Eh merde. C'est moi qui pleure, à présent. En m'entendant renifler, tu redresses la tête, surprise.
- Tu veux vraiment que je te dise ? Personne ne viendra te voir. Tout le monde voyait que tu allais mal, et personne ne s'est bougé le cul pour venir te parler. Ni tes camarades, ni les profs, ni l'infirmière du collège, ni ta propre famille. Et que dire de la suite ? Les relations te fragiliront, te feront pleurer encore. Tu deviendras méfiante, frôlant la paranoïa. Tu auras si peu confiance en toi que tu mettras des heures à réviser un cours que tu connaîtras. Tu te sentiras toujours seule, avec l'impression de ne jamais pouvoir être toi. L'anxiété empirera, tu auras des coups de déprime que personne ne comprendra. J'ai envie de te dire que la vie mérite d'être vécue, mais j'en sais rien, putain. Alors je t'ai abandonné, je t'ai enfermé en moi parce que j'avais honte, parce que des personnes proches se moqueront de toi, de tes bizarreries, de tes pensées, de tes idées. Je t'ai abandonné, alors que tu avais besoin de moi. Je suis tellement désolée... Je suis un putain de monstre.
Ça y est, je pleure. J'ai honte. Je me cache. Et, surtout, je sens tes yeux sur moi. Tu me juges sans doute, tu te dis que je suis faible, stupide, que je suis un monstre, que...
- Merci.
Entre mes doigts, je te dévisage, ne comprenant pas.
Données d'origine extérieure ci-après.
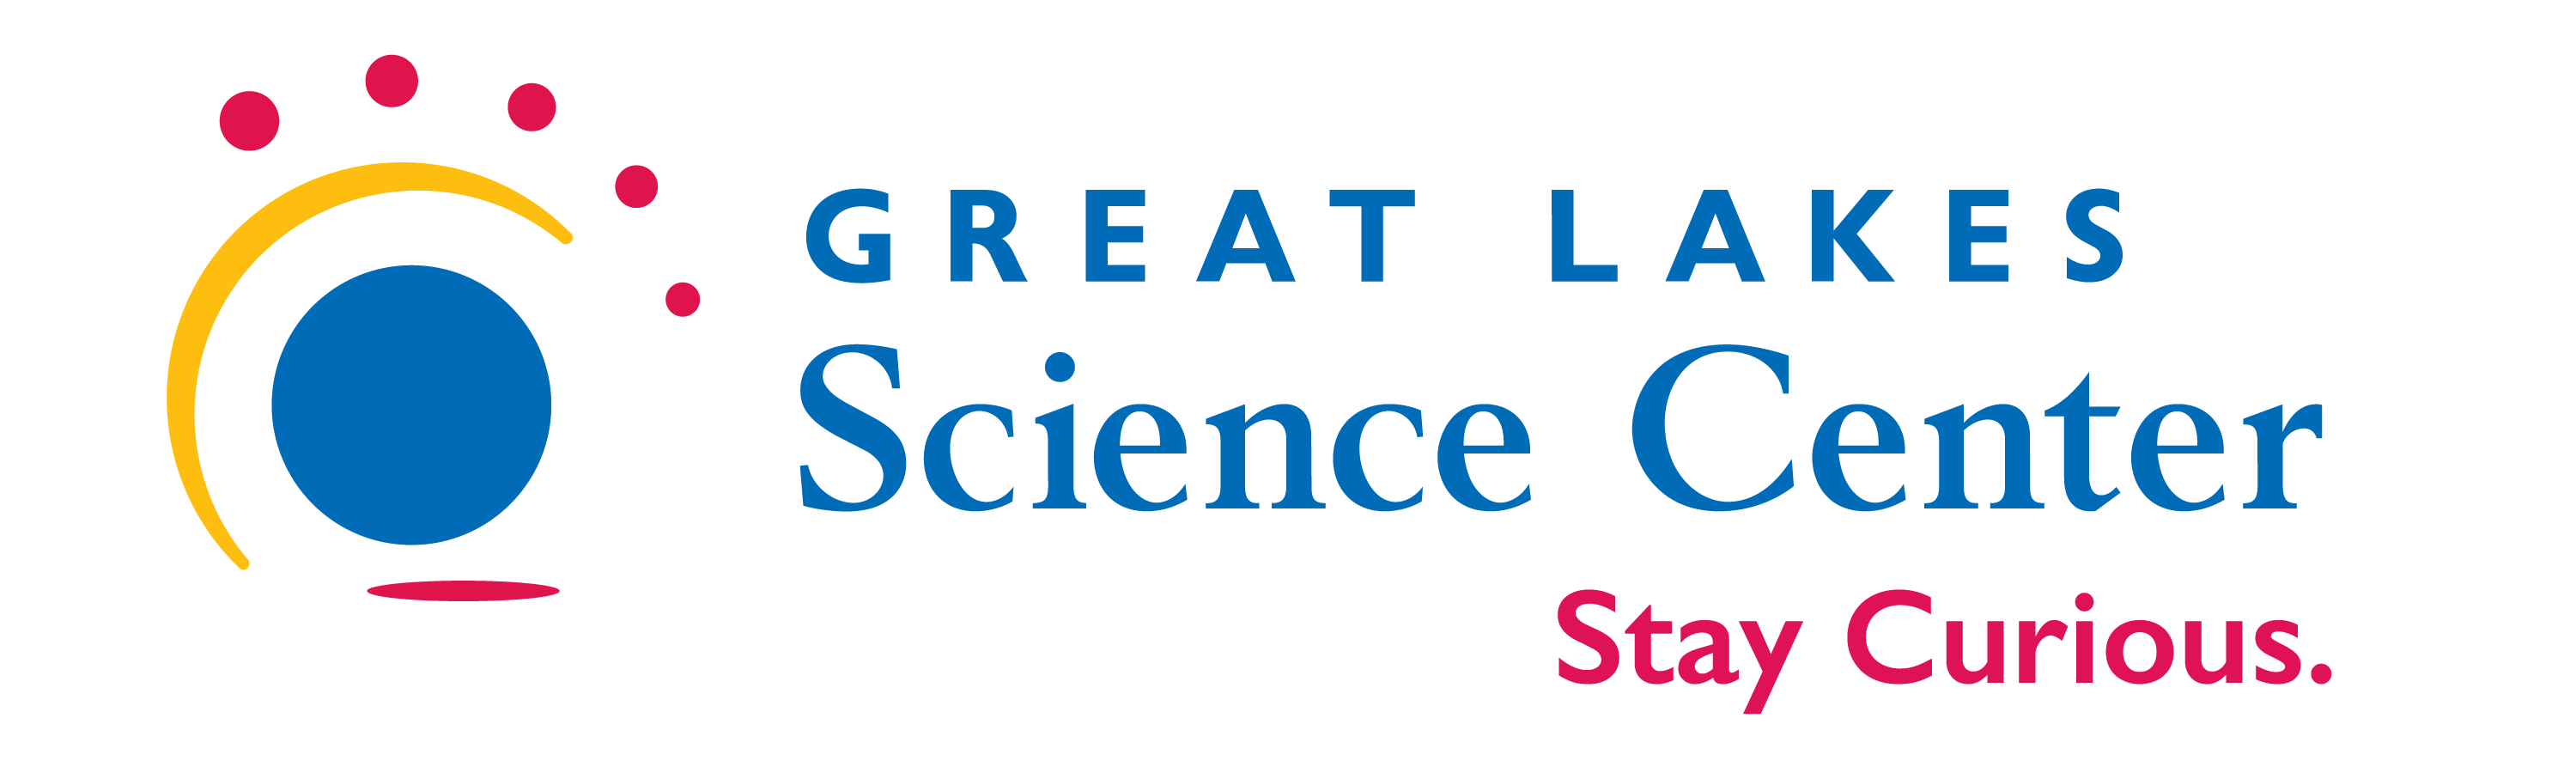 Great Lakes Science Center logo

- Tu as été honnête. En réalité, tu as été la seule à l'être... Et... J-Je... Je suis contente de voir ce que tu es devenue. T-tu souffres, m-mais... T-tu te bats. E-et je sais à quoi m'attendre maintenant.
C'en est trop. J'éclate en sanglots, je m'étrangle avec, je n'arrive pas à me calmer. Je sens deux petits bras hésitants me serrer contre un petit corps. Tu m'as prise dans les bras, comme je suis censée le faire avec toi.
- Je suis désolée...
- Je suis fière de toi. Fière d'être une petite version de toi.
Un silence. Puis, doucement, je te serre à mon tour, fort. Ce câlin, tu en as besoin. Ce câlin, personne ne te l'a offert. Ce câlin, c'est à moi de te le faire, parce que personne ne l'a fait avant.
- Je suis là. Je ne t'abandonnerai plus. Je t'aiderai, du mieux que je peux. Parce que tu le mérites.
Nous pleurons toutes les deux, mais qu'est-ce que ça fait du bien. Parce que nous avions besoin toutes les deux.
Après tout, nous sommes une seule et même personne.